= Michael Feneley =

Australian cardiologist

Professor Michael Patrick Feneley AM is an Australian cardiologist.

==Medical career==
Feneley has been the Director of Cardiology at St Vincent's Hospital, Sydney, since 1993. Other positions include as Director, Heart Lung Program since 2004, chairman, St Vincent's Medical Council 2003–2008, a board member of St Vincent's and Mater Health Sydney 2003-2008 and Director, Physician Training for over 5 years.

Feneley's research altered the recommendations for the performance of manual cardiopulmonary resuscitation (CPR) and altered the management of patients with atrial fibrillation, the most common significant disturbance of heart rhythm.

==Politics==

Feneley is a perennial political candidate for the Liberal Party. He was a candidate in the 2010 Australian federal election in the seat of Kingsford Smith, losing to Labor's Peter Garrett.

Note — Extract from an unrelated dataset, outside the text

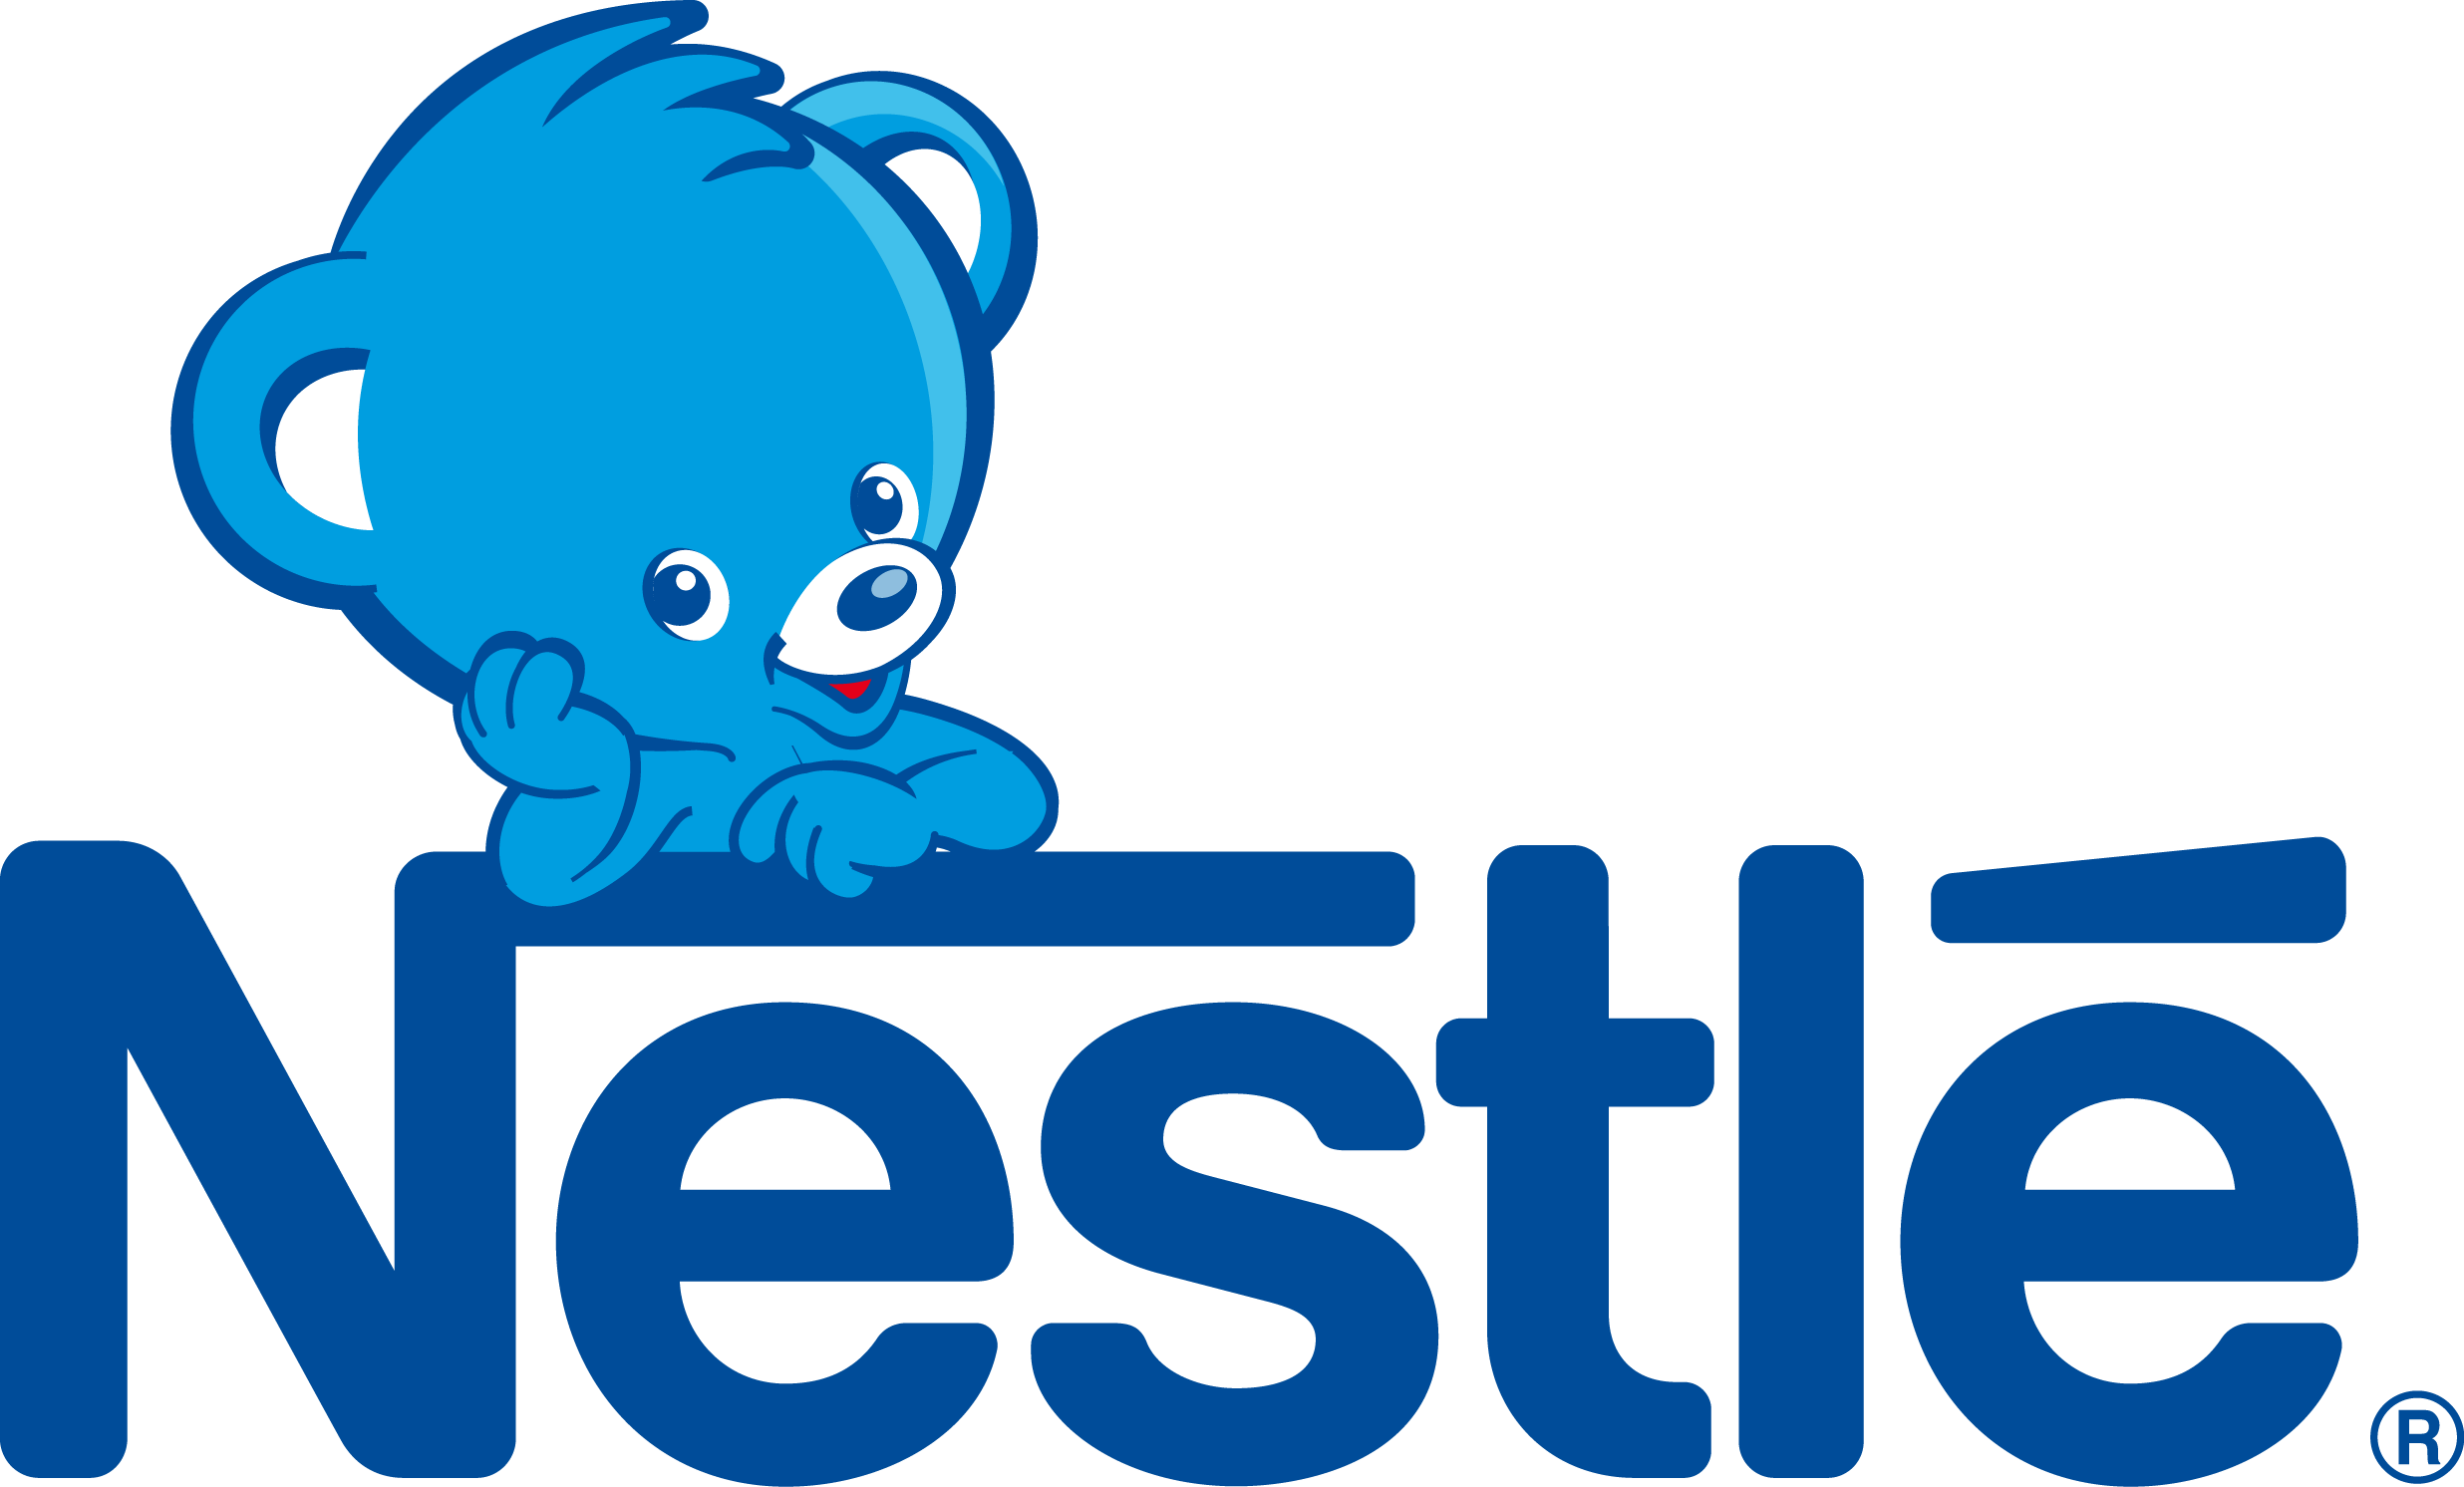 Png 2472X1492 Nestle Logo Background - Nestle, Transparent background PNG HD thumbnail

Seven months later Feneley stood as the Liberal candidate in the 2011 New South Wales state election in the seat of Maroubra where he was defeated by Labor's Michael Daley. He was defeated by Garrett's replacement as Labor candidate, former Senator Matt Thistlethwaite—in the process, paring the Labor margin down to just 2.7 percent.

Feneley recontested Kingsford Smith at the 2016 Federal election but was defeated in a rematch against Thistlewaite. This time, Thistlewaite picked up enough of a swing to revert Kingsford Smith to safe Labor.

Feneley was a candidate for Liberal preselection for the 2018 Wentworth by-election however he was defeated by Dave Sharma.

In 2022 Feneley won preselection for the marginal seat of Dobell on the NSW central coast for the 2022 Federal Election, but was unsuccessful. In 2025, Feneley unsuccessfully sought Liberal Party preselection for the north shore electorate of Bradfield, and the Central Coast electorates of Robertson and Shortland.

==Honours==
On 11 June 2012, Feneley was named a Member of the Order of Australia for "service to medicine in the field of cardiology as a clinician, researcher and educator, through contributions to professional organisations, and to the community."

==Personal life==
Feneley is married to his second wife and has four children.

He served as president of the Art Gallery Society of New South Wales Council, the Art Gallery of New South Wales membership organisation, from 2006 to 2010. Prior to this he served as vice-president from 2005 to 2006 and has been a member since 2002.

He has also served as Chair of the East Coast Theatre Company for several years.